Recorded information Start Marker
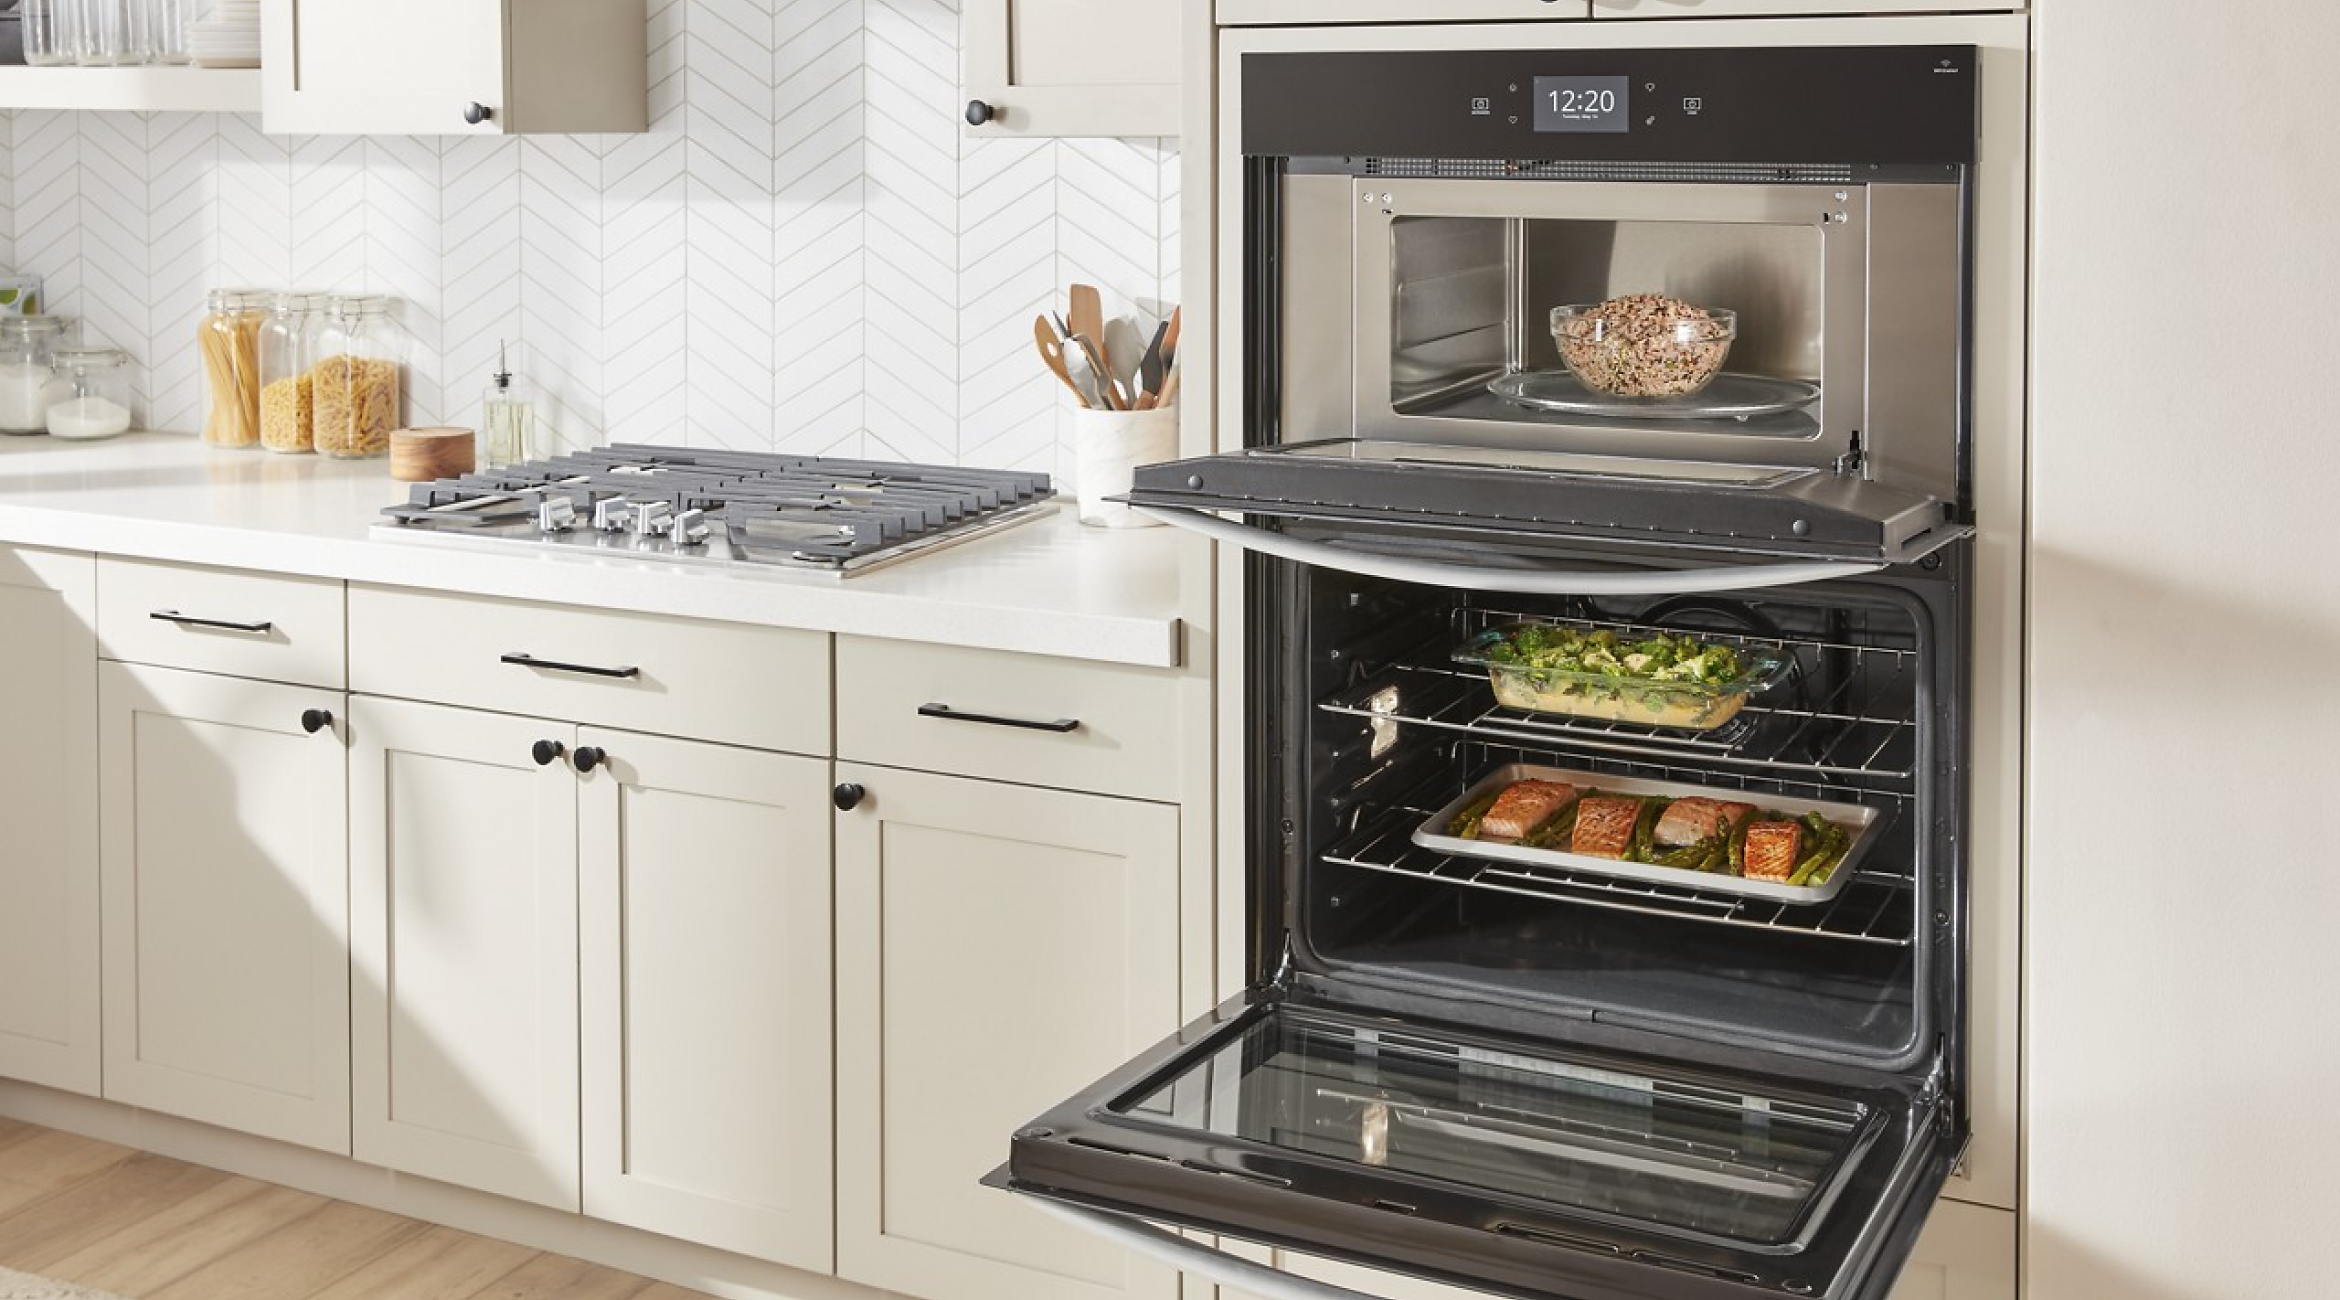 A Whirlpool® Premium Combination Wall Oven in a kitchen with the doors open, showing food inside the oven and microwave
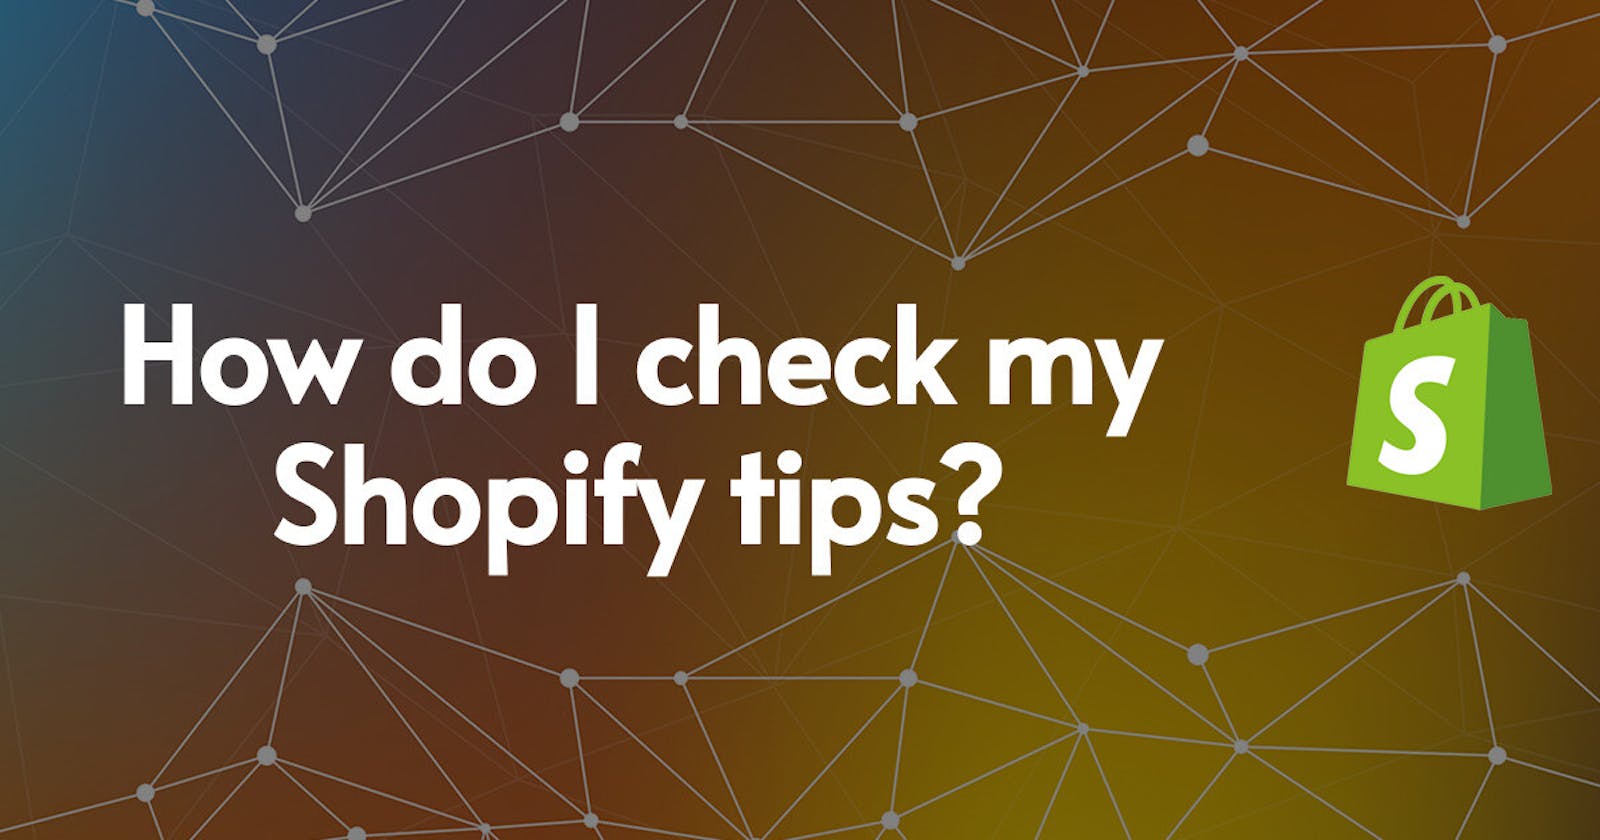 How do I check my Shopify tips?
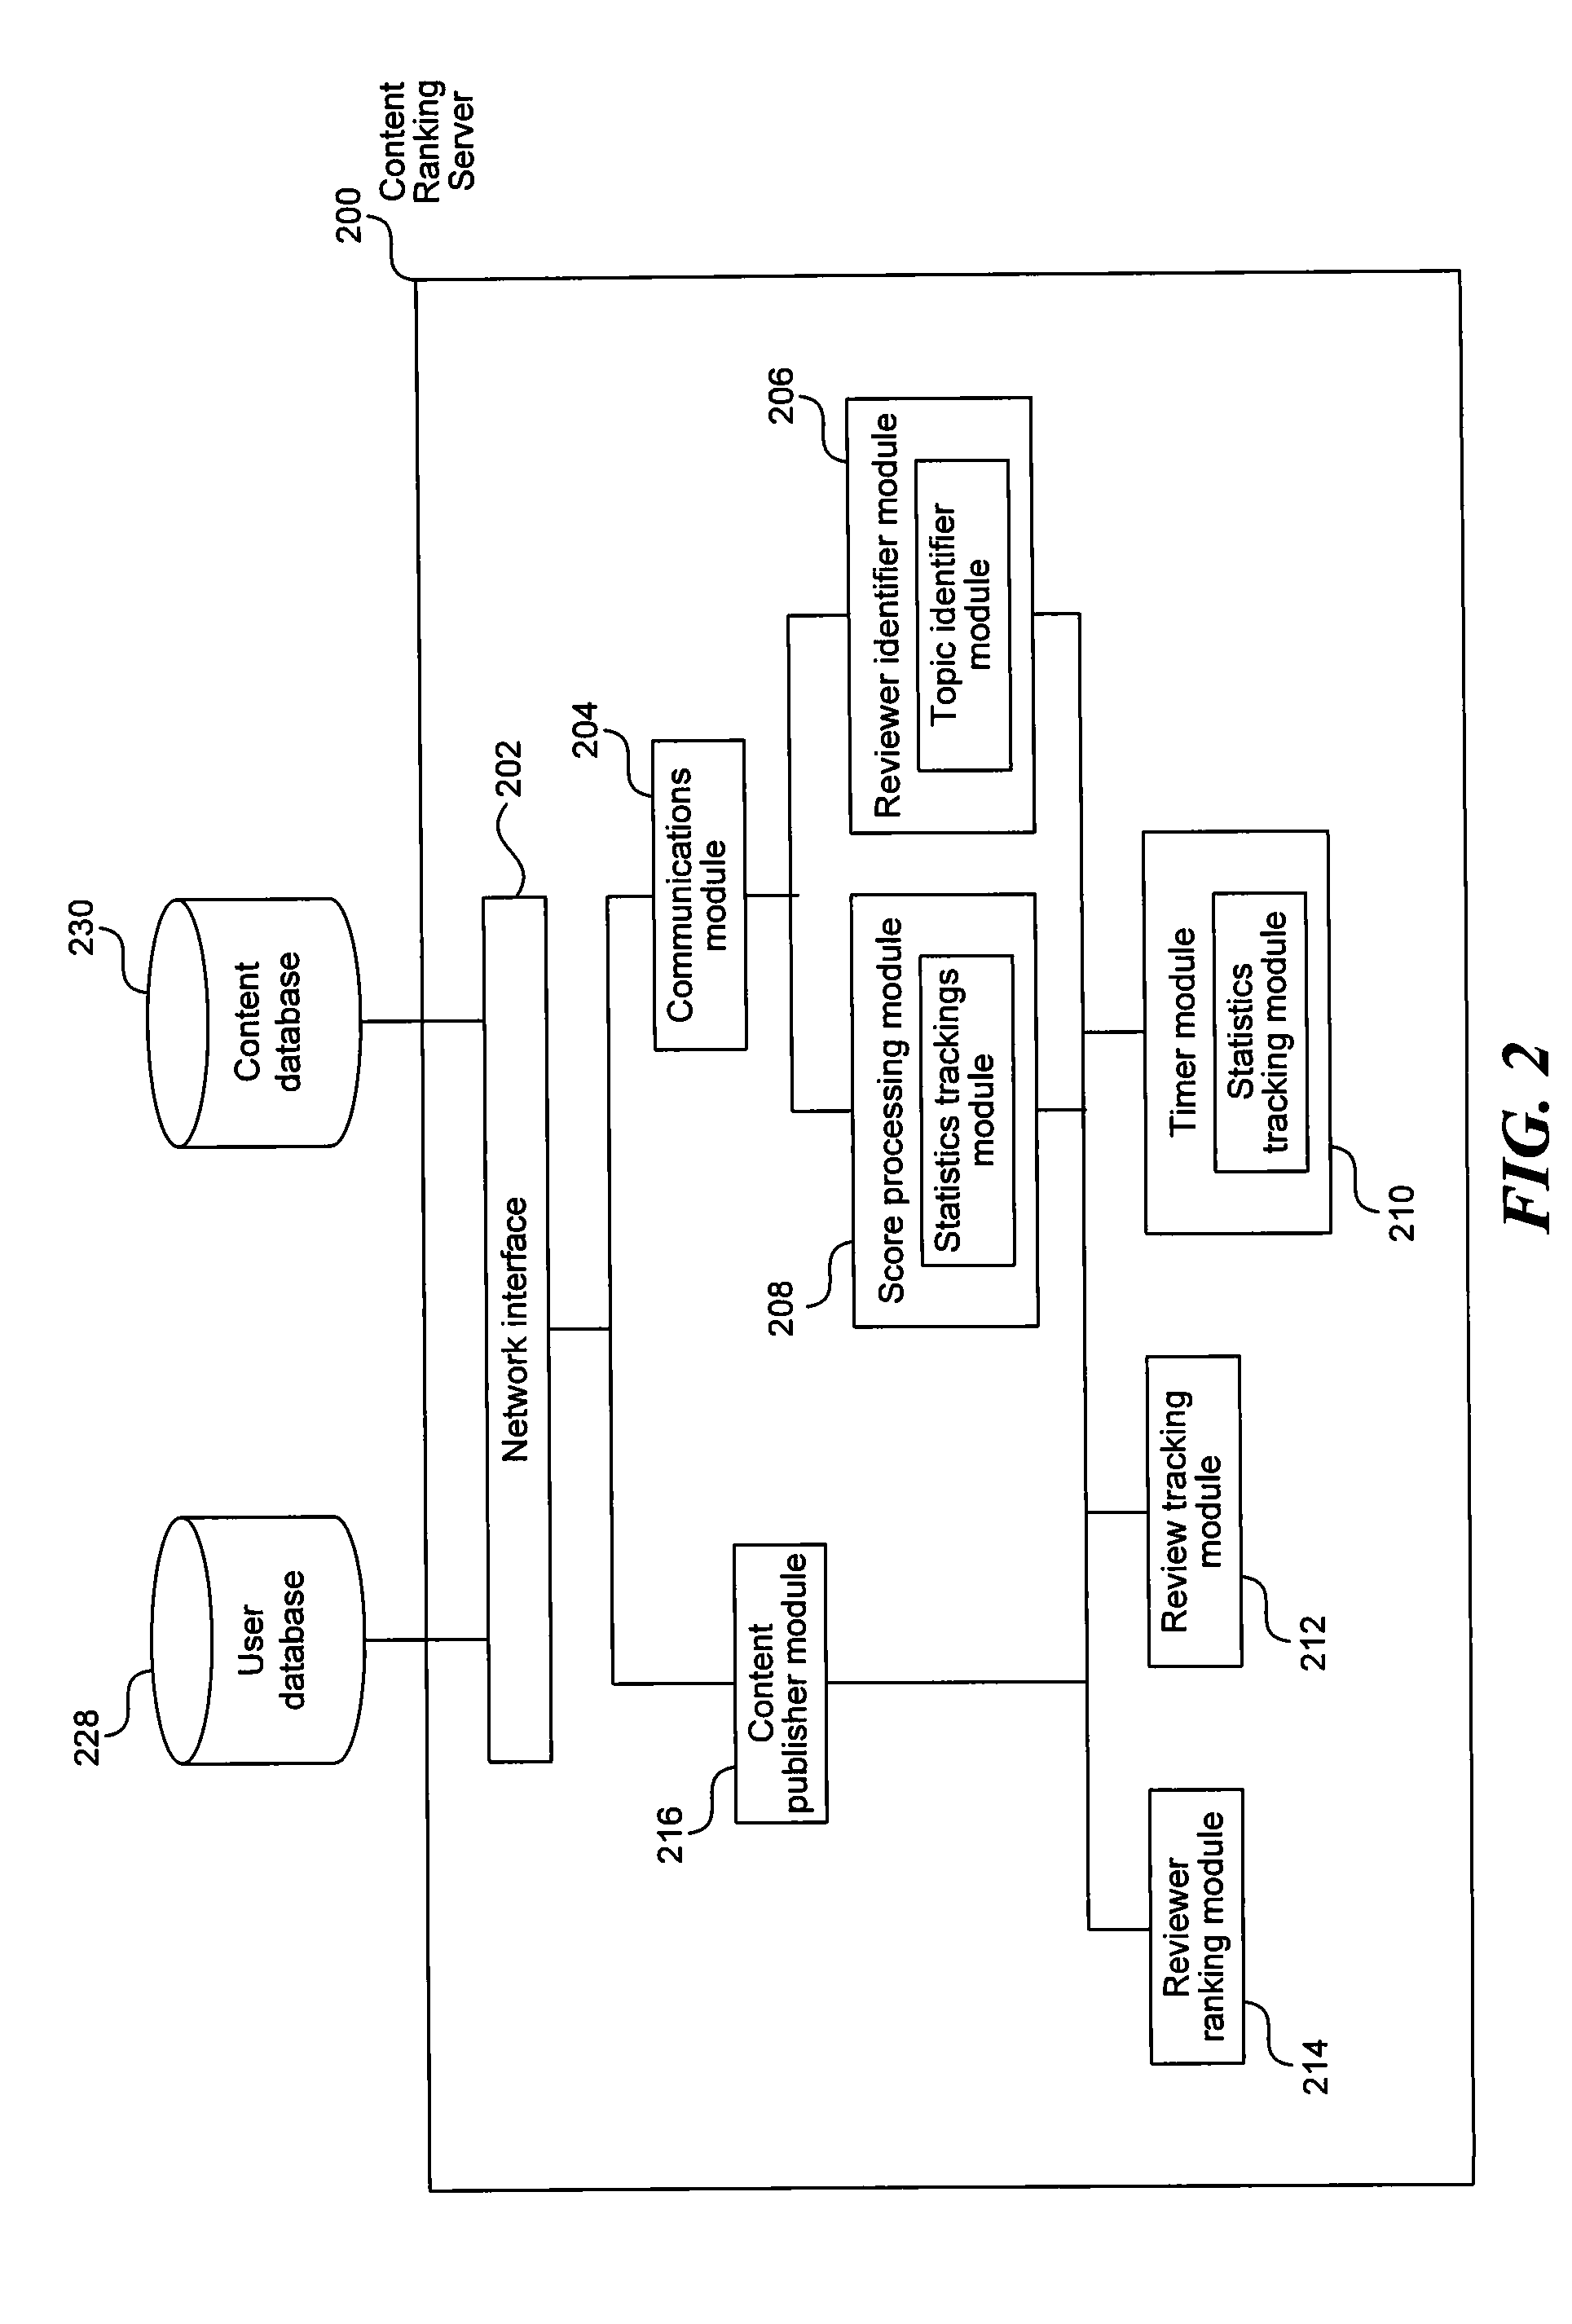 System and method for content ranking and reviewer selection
Recorded information End Marker
- Exercise objective: Output the complete listing exactly. Pictures stay out.

- Response area:
 A Whirlpool® Premium Combination Wall Oven in a kitchen with the doors open, showing food inside the oven and microwave
 How do I check my Shopify tips?
 System and method for content ranking and reviewer selection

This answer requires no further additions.